Bereits 1947 hatte Schulz erste Comics um einen mondgesichtigen Jungen unter dem Titel „Li’l Folks“ (Kleine Leute) veröffentlicht, unterzeichnet mit dem Namen Sparky. Es war Schulz’ Spitzname in der Kindheit, die noch in vielerlei anderer Hinsicht Einzug in seine Comics fand. In der Vorstadt, in der die Comics spielen, lässt sich seine Heimatstadt Saint Paul im nördlichen Minnesota erkennen. Vor allem aber wurden die Verwundungen „Sparkys“ zum Rohstoff von Schulz’ Erzählungen: Man muss sich den jungen Zeichner als wenig glücklichen Menschen vorstellen. Seine Mutter erkrankte früh an Krebs und starb 1943, da war Schulz ein junger Mann. Er selbst kämpfte zu der Zeit im Zweiten Weltkrieg. In einem frühen „Peanuts“-Comic geht Charlie Brown an einem Jungen und einem Mädchen vorbei. „Da kommt der alte Charlie Brown. Unser guter alter Charlie Brown. Jawoll“, sagt der Junge. Und ergänzt, als Charlie Brown an ihnen vorbeigelaufen ist: „Der gute alte Charlie Brown ... Wie ich ihn hasse.“ Erwachsene können brutal sein. Kinder auch.

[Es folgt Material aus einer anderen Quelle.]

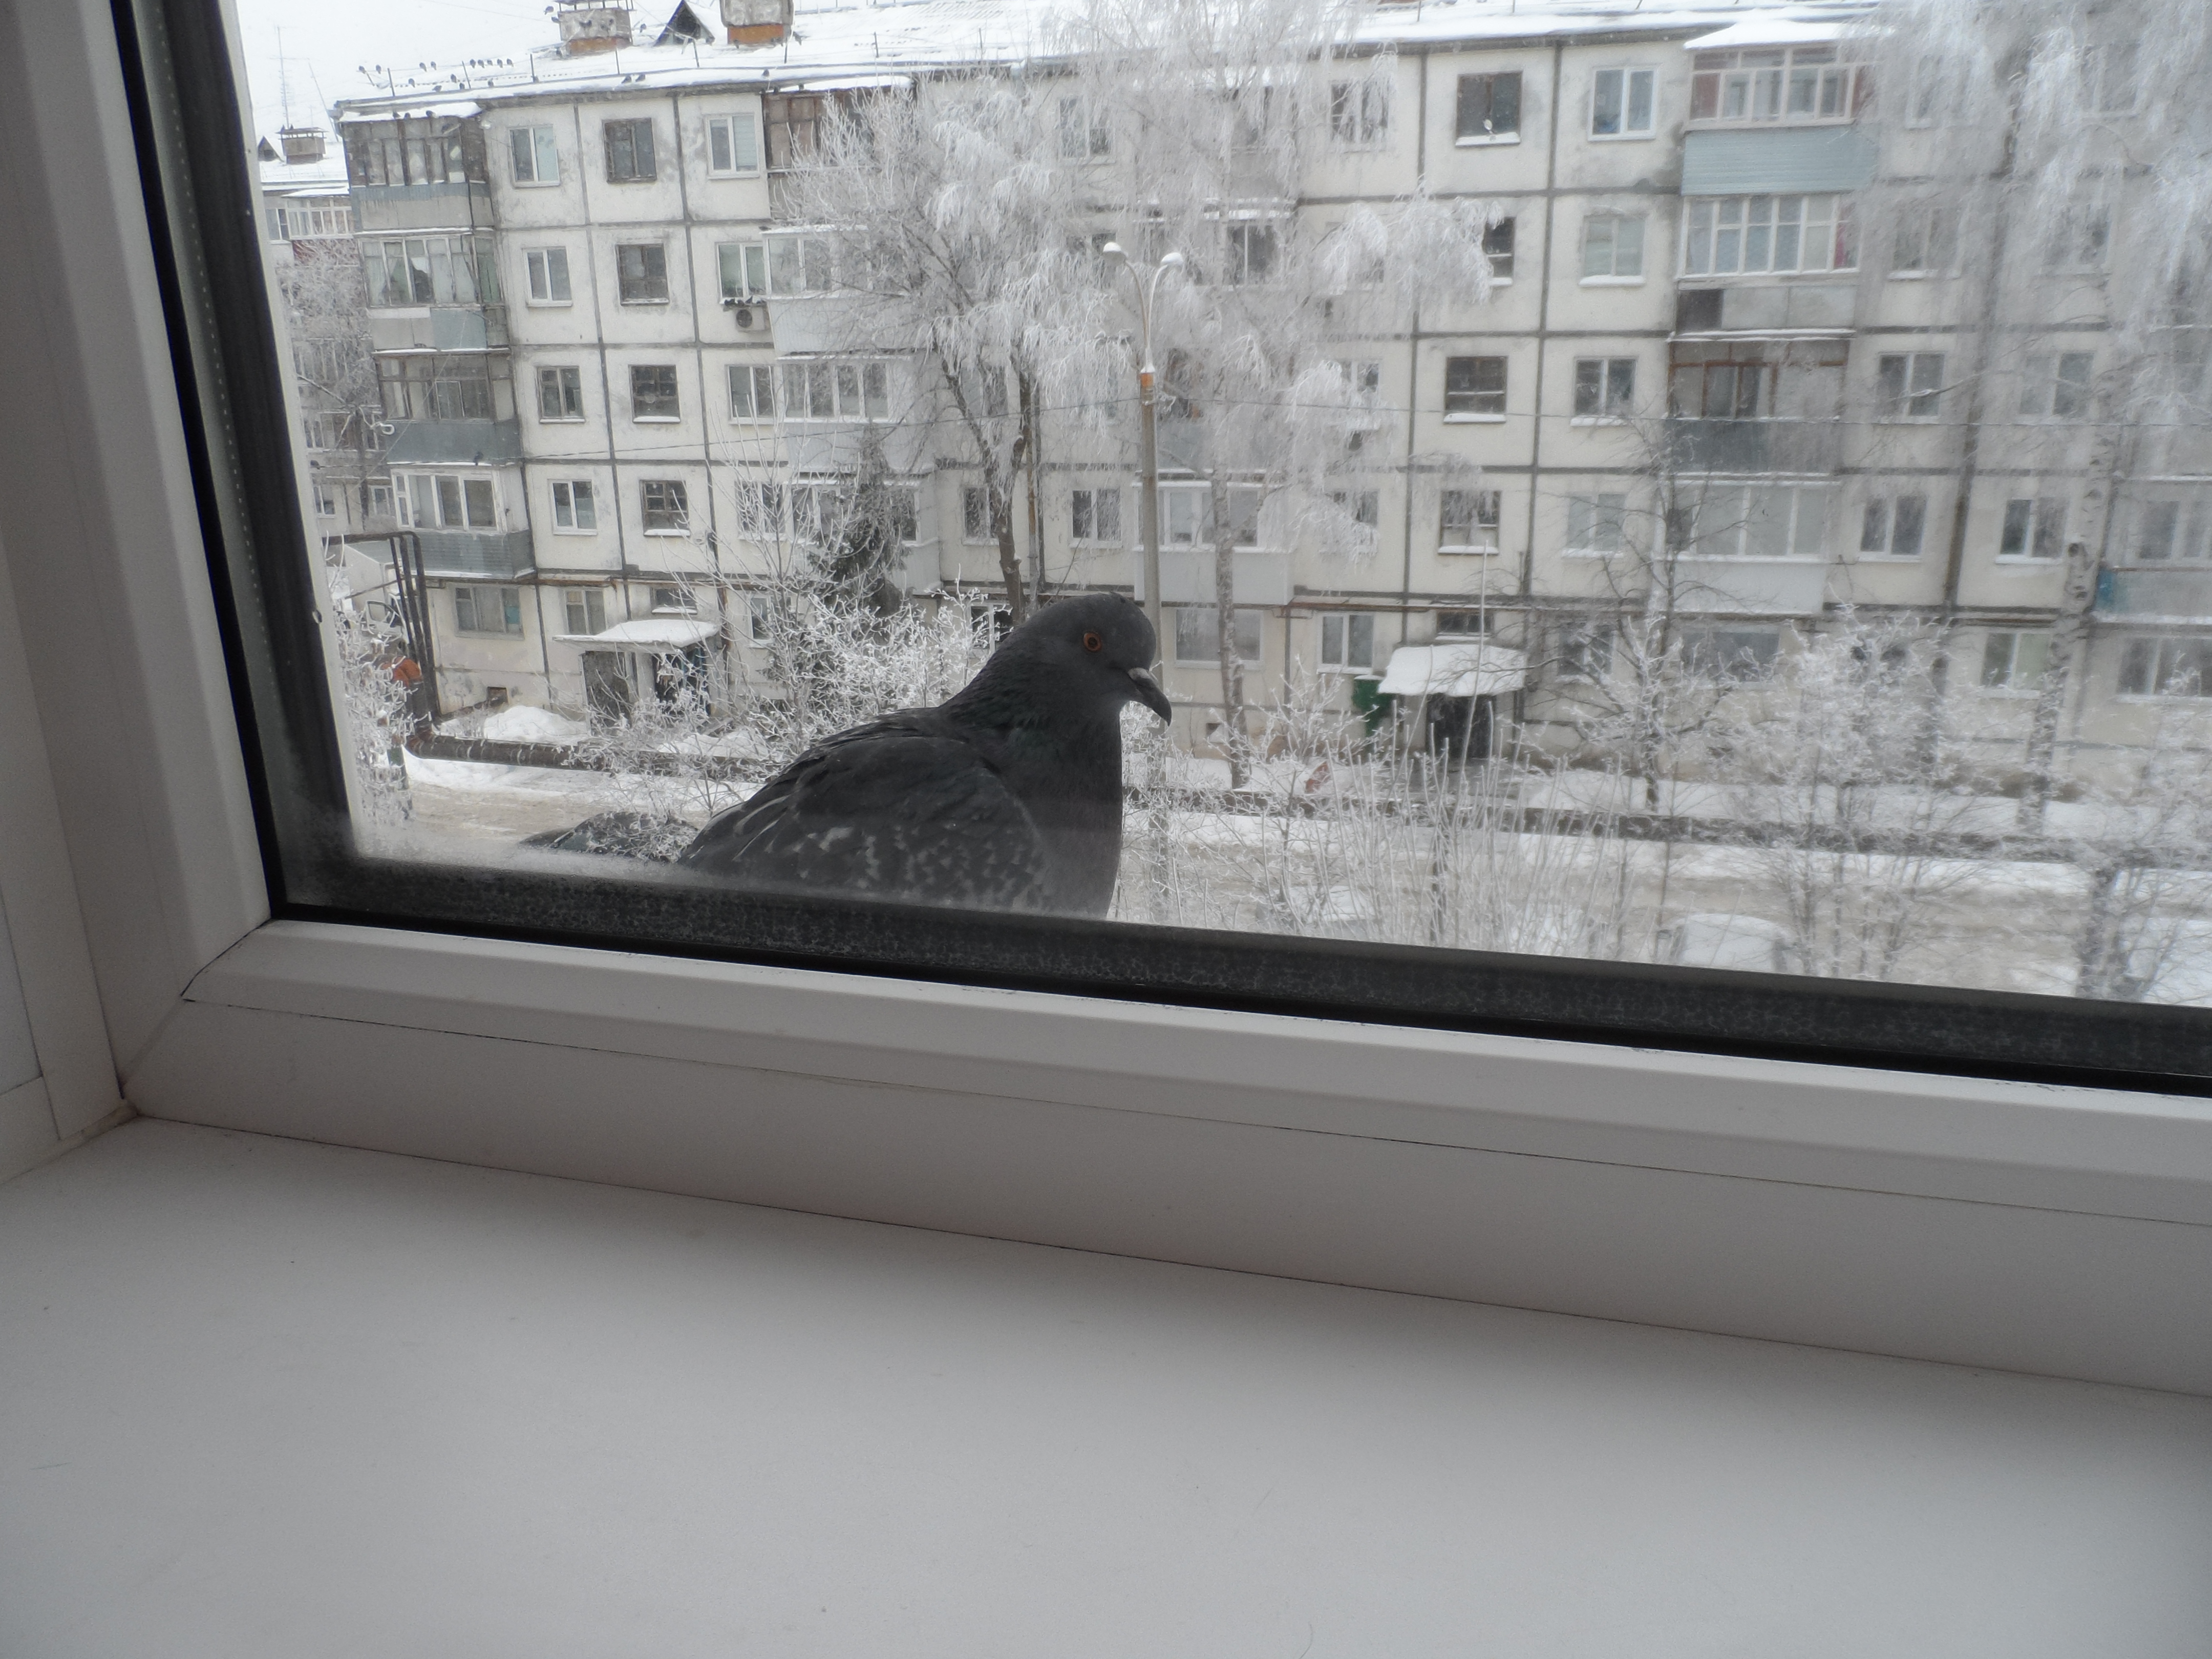 Ворон стучит в окно. Голубь на подоконнике. Птица на подоконнике. Птицы на окна. Птицы за окном.

Charlie Brown ist Schulz’ Alter Ego, unter den „kleinen Leuten“ der größte Verlierer, ernsthaft und beflissen, traurig-komisch und groß in seinem Scheitern wie die Figuren Buster Keatons.

Er hat sich stets bemüht! (Und scheitert kläglich.) Charlie Browns Baseballteam verliert immer; und von Lucy, einem boshaften Mädchen, wird er so leidenschaftlich wie hartnäckig gemobbt.

Die Welt steckt eben voller Zumutungen, den ursprünglichen Titel seiner Strips „Li’l Folks“ musste Schulz 1950 auf Drängen seines Auftraggebers in „Peanuts“ ändern, was ihm nie gefiel. Literaturkritiker Denis Scheck hat die „Peanuts“ in seinen Kanon der 100 wichtigsten Werke der Weltliteratur aufgenommen – völlig zu Recht. Charlie Brown (und seine Freunde), das sind wir: ungefragt in die Welt geworfen und scheiternd an der Grundsteuererklärung. Klammern wir uns nicht alle an eine „security blanket“, wie Linus’ Schmusedecke im Original heißt? Und werden wir nicht alle von den Lucys dieser Welt terrorisiert?

Da hilft nur eine Portion Stoizismus, wie ihn Beagle Snoopy vorlebt, der hündische Vorlieben (Fressen, Schlafen) mit literarischen Ambitionen und einer philosophisch grundierten Gelassenheit bestens verbinden kann.

An diesem Samstag wäre Charles Monroe Schulz hundert Jahre alt geworden. Populär sind seine „Peanuts“ noch immer. Ihre Komik hat etwas Erlösendes: Wenn man die Welt und ihre Menschen mit etwas Abstand betrachtet, etwa vom Dach einer Hundehütte aus, lässt sich alles gleich viel besser aushalten.